By way of background, the shorter trial scheme (STS), in part, has its origins in Australia, where such a scheme has been running successfully for years. Also, the scheme takes heavy inspiration from our own Intellectual Property Enterprise Court (IPEC), the specialised high court list, which introduced tighter case management, a short trial (2-3 days maximum), and costs and damages caps.
The STS uses some of the learnings from these examples, and has features such as:
As of September 2016, 10 cases (not just IP cases) have been issued or transferred into the scheme, which is being considered a slow but successful start by the judiciary. So much so that the pilot programme has recently been extended for a further year (to 30 September 2018).
Cases appropriate for the STS are typically identified by the parties, who issue in the relevant Chancery court. It is also possible to transfer cases into or out of scheme where appropriate. One such case, Family Mosaic Home Ownership v Peer Real Estate, a commercial property dispute, was a joint-party application to transfer into the STS. Birss J, hearing the application (and one of the architects of the STS), considered the court’s powers to make such a transfer, and whether this was an appropriate case to do so. Birss J was satisfied on both fronts and allowed the transfer, consequently using the opportunity (in this published judgment) to discuss how, as a result of the transfer, the dispute will come to trial faster and at lower cost thereby improving access to justice for the parties, and meeting the overriding objective of the court to deal with cases justly and at proportionate cost. On a final note, he confirmed that it would not be necessary to amend pleadings following transfer, which would have, of course, added to the overall cost.

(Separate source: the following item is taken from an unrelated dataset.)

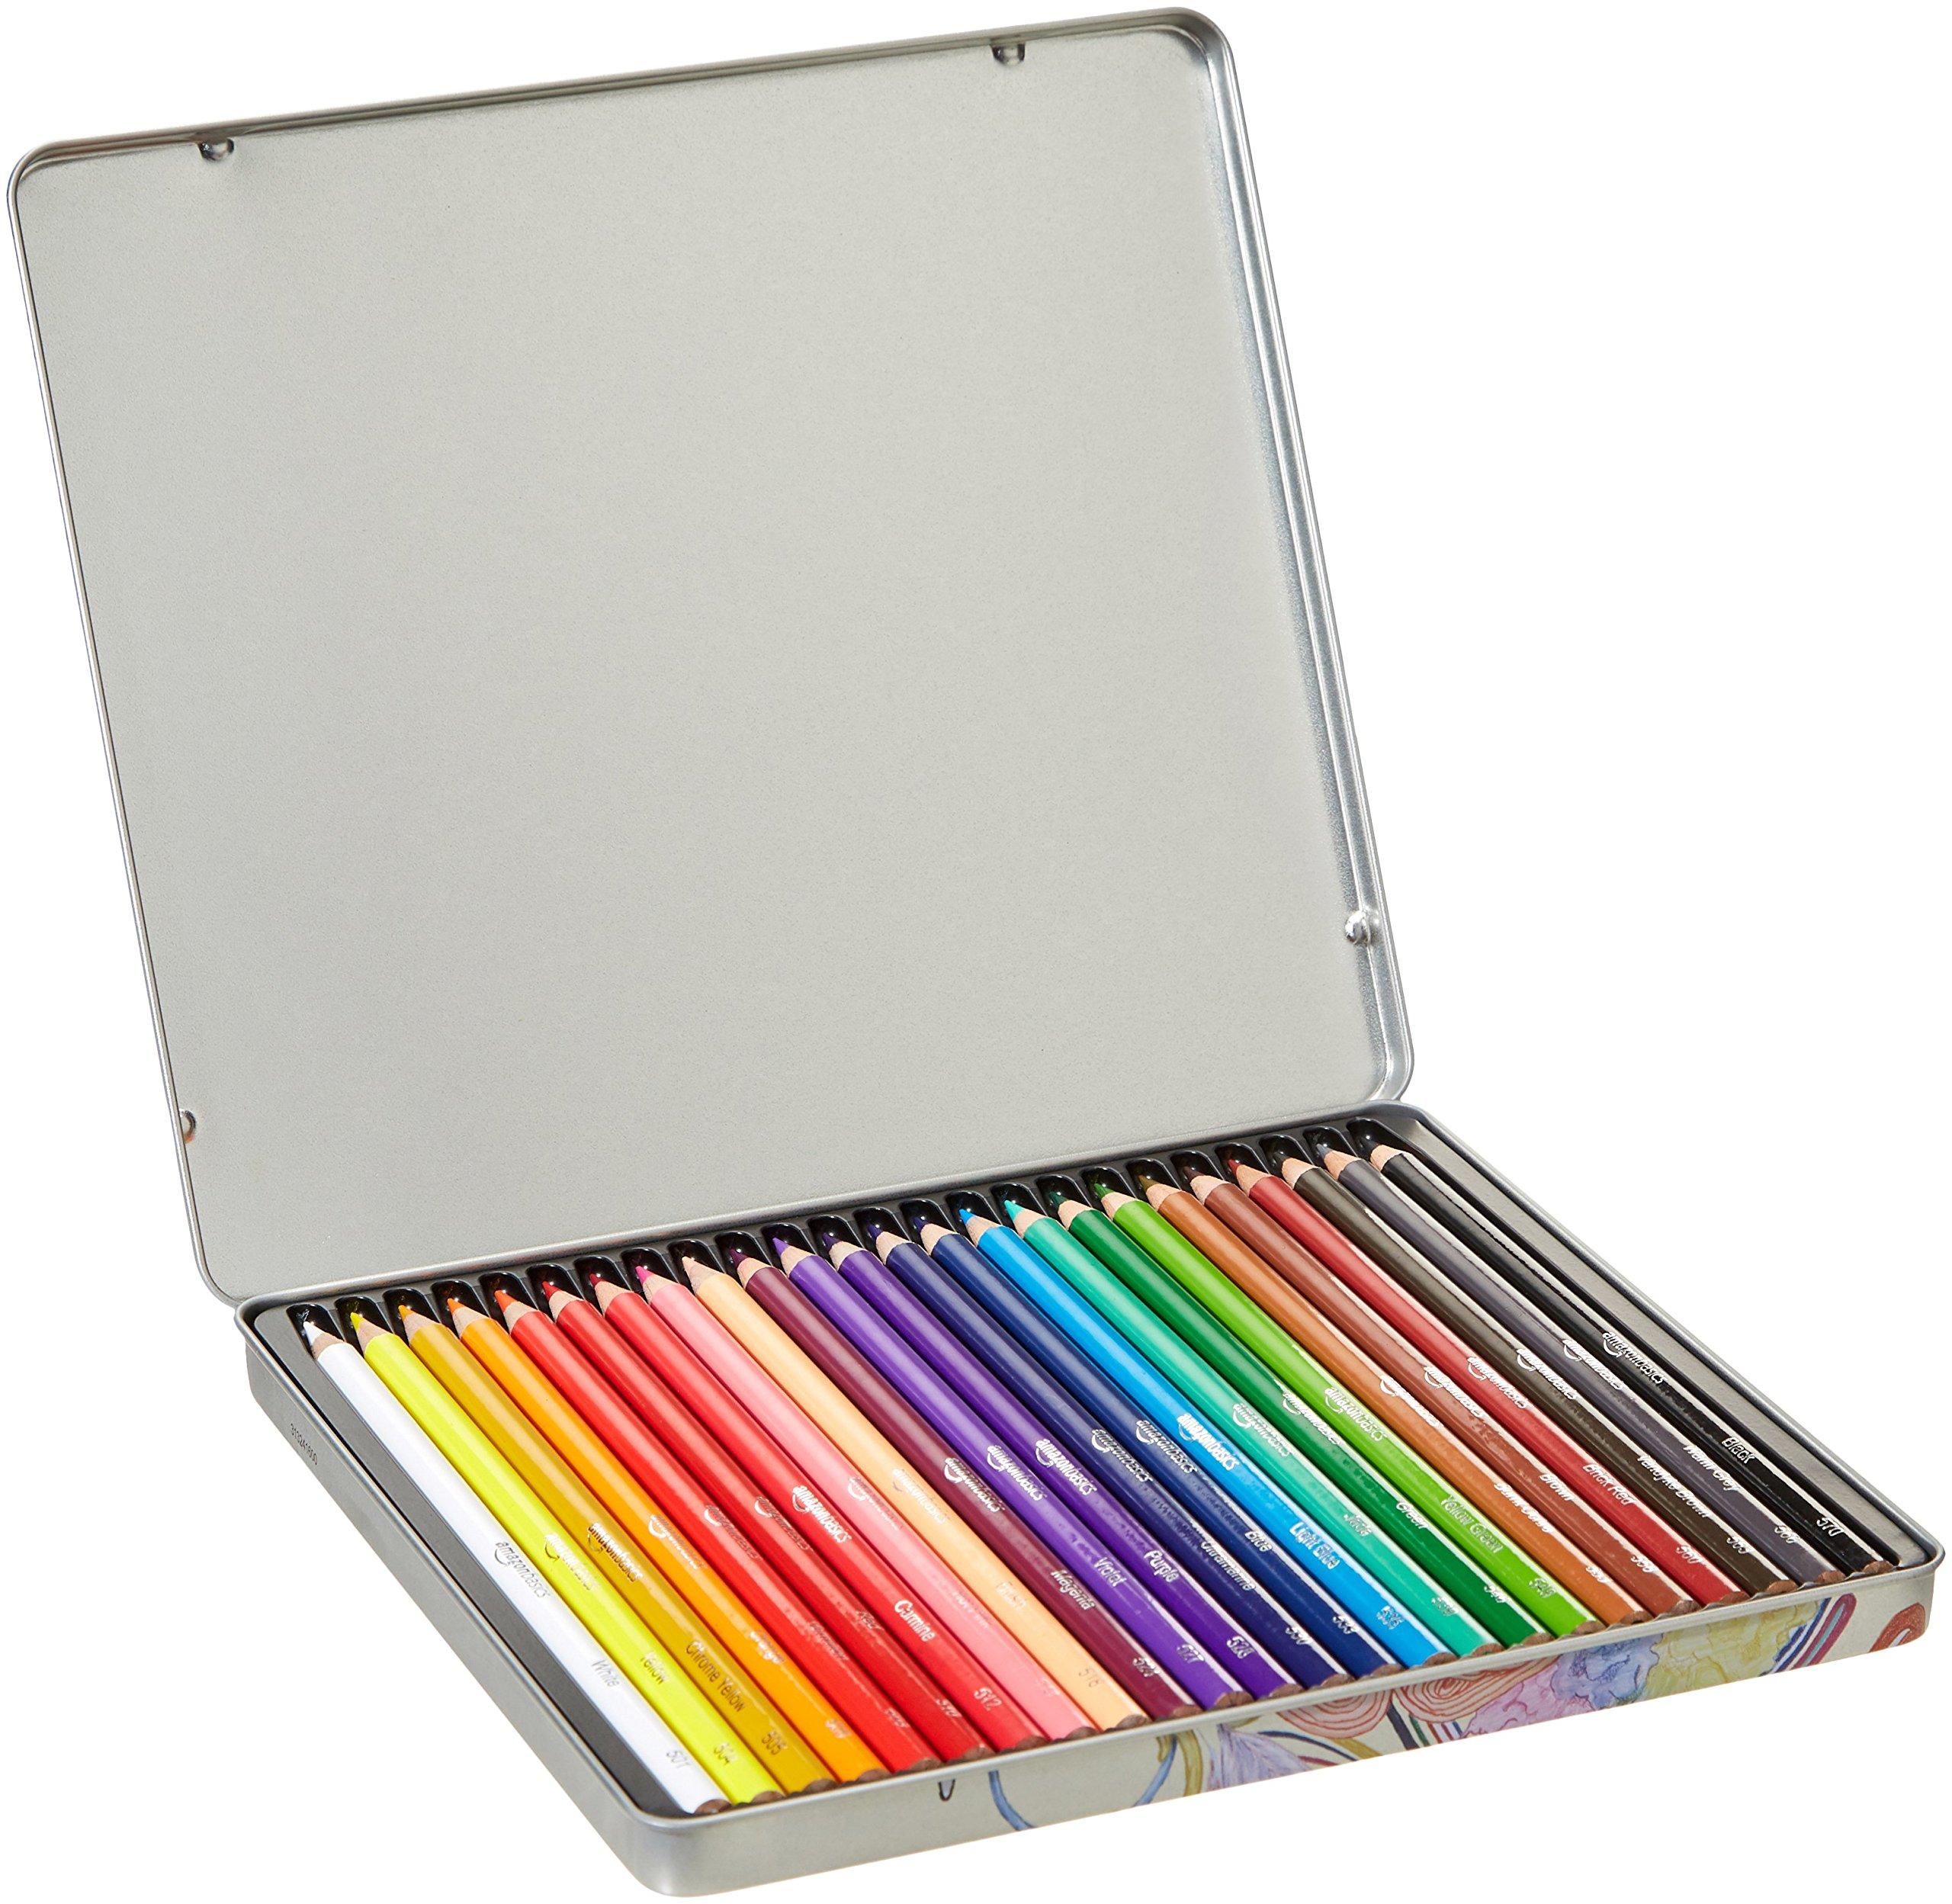 AmazonBasics Colored Pencils - 24-Count by AmazonBasics (Image #4)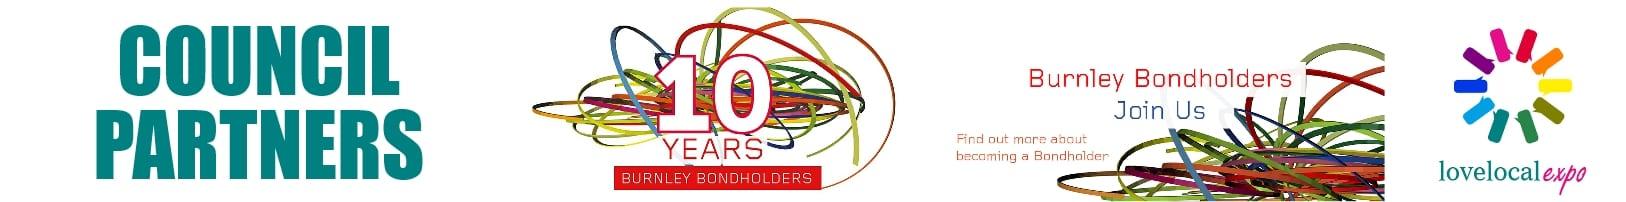 lle20 site scroll graphic council bondholders

However, despite the advantages, the STS still does not suit all parties or matters. As the STS is a high court scheme, there are no damages or costs caps, such as found in the IPEC, making the consequences of losing a case a difficult prospect for the parties. One such case, BG Electrical v ML Accessories, a registered designs and unregistered design rights matter, the defendant applicant successfully had their case transferred out of the STS, to instead be heard in the IPEC. The court took the view that the lack of a costs cap in the high court would have added unfair pressure on the defendant to settle as a result of the potential financial downside of losing. This is even despite the potential costs savings of the STS. The court also took other considerations into account, such as the defendant’s willingness to waive the damages cap (which may in itself have been a tactic to get a result), and that the potential value of the injunction (estimated value of sales over £1m) was smothered by the defendant having already agreed to redesign the products, making the value of the injunction potentially nil.
On the whole, however, the STS appears to be achieving the results it was intended to bring, such as improving access to justice, lowering costs for parties and reducing the length time to trial. The true value will only be seen in time, but the first-year reports look promising. In practice, it means that there appears to be a legitimate “fourth track” (if you include the small-claims track of the IPEC) for IP matters. By bringing IPEC-like procedure to the high court, higher-value matters can be dealt with on a much more commercial timescale and at improved cost.